When test support code relies on production code, a diamond can occur. If this occurs across packages, it can lead to duplicated symbols and incorrect behavior at runtime despite no warnings at build time. This only occurs in Xcode and top-level application testing. This doesn't occur when the code being tested is in a separate package.
I'm trying to understand how to correctly manage shared test support code which needs to access production code, or if this is the correct way and it is an Xcode bug.
For a minimized example project, see https://github.com/rnapier/SupportCode.
The setup includes three packages: Dependencies, which manages all the dependencies for the app and tests; Core which contains core logic and test support; and Feature, which relies on Core an contains feature-related logic and test support.

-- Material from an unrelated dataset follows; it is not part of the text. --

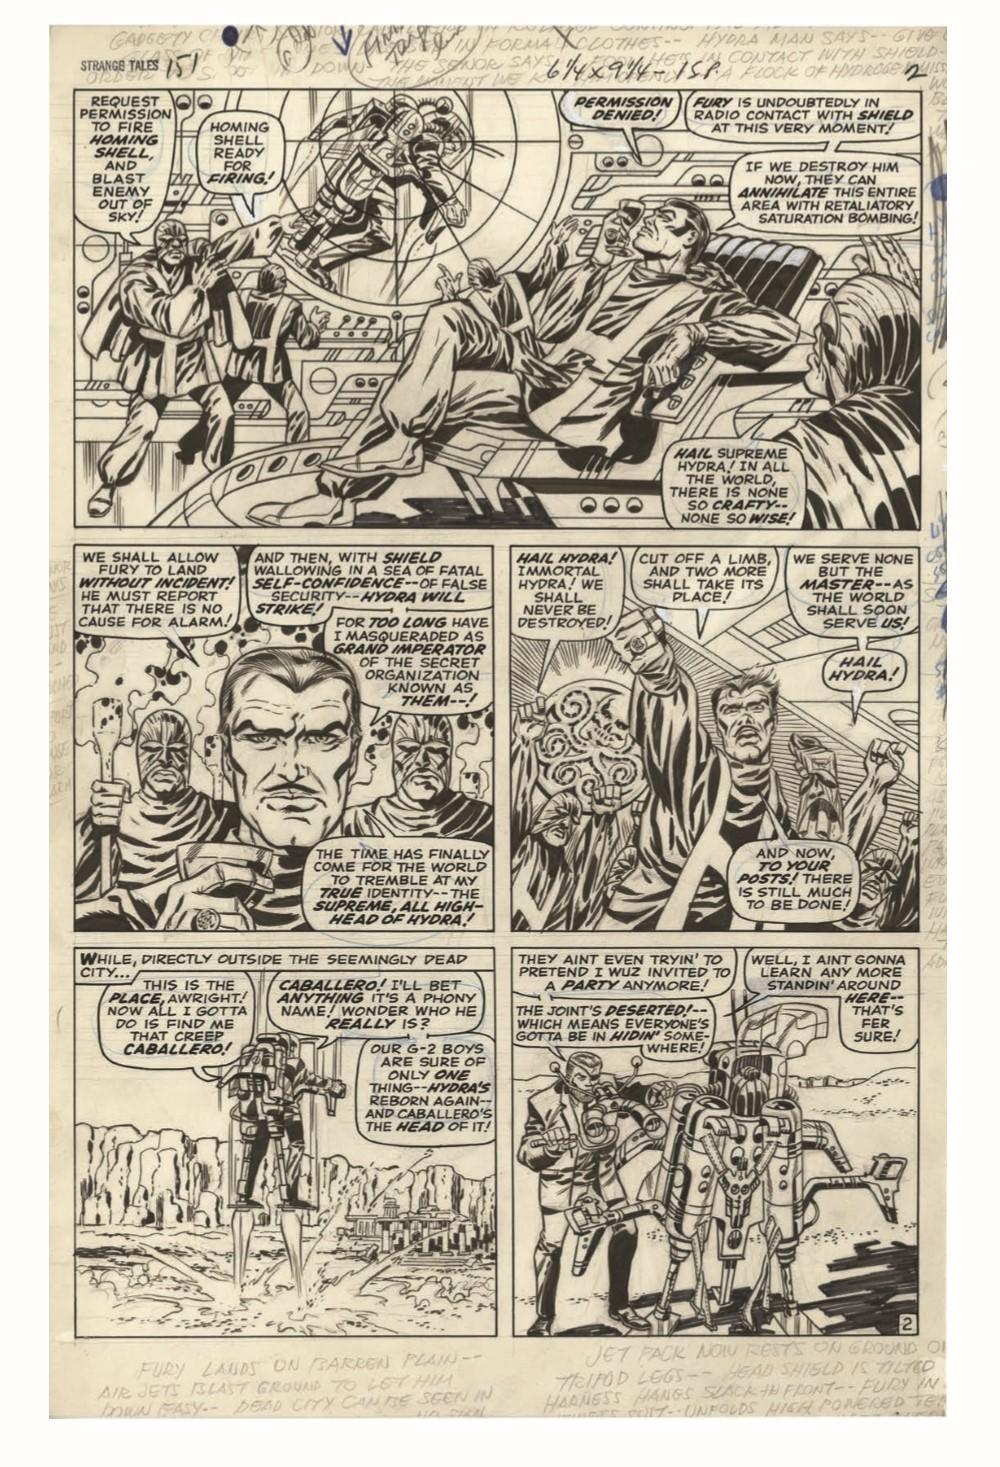 STERANKO_artisan_edition_pr-5 ComicList Previews: JIM STERANKO'S NICK FURY AGENT OF S.H.I.E.L.D. ARTISAN EDITION TP

Building this system causes Core.framework to show up three times in DerivedData:
./App.app/PlugIns/AppTests.xctest/Frameworks/Core_59974D35D_PackageProduct.framework
./App.app/Frameworks/Core_59974D35D_PackageProduct.framework
./PackageFrameworks/Core_59974D35D_PackageProduct.framework
When unit tests are run, there is a collision on the symbol for Keychain
:
objc[48914]: Class _TtC8Keychain8Keychain is implemented in both /Users/ornapier/Library/Developer/Xcode/DerivedData/App-grdjljgevqofhqgflgtrqvhvbtej/Build/Products/Debug-iphonesimulator/PackageFrameworks/Core_59974D35D_PackageProduct.framework/Core_59974D35D_PackageProduct (0x100a98118) and /Users/ornapier/Library/Developer/CoreSimulator/Devices/216C441E-4AE5-45EC-8E52-FA42D8562365/data/Containers/Bundle/Application/7197F2F2-EB26-42FF-B7DB-67116159897D/App.app/PlugIns/AppTests.xctest/AppTests (0x1011002c0). One of the two will be used. Which one is undefined.
This is not a benign warning. There are two distinct copies of _TtC8Keychain8Keychain
and test cases will access one and the app will access a different one. This leads to mismatches when accessing static instances such as .shared
.
I believe this dependency graph should work, and it does work as long as the top-level testing system is a Swift module. But if it is the application, it builds successfully, but behaves incorrectly in subtle ways.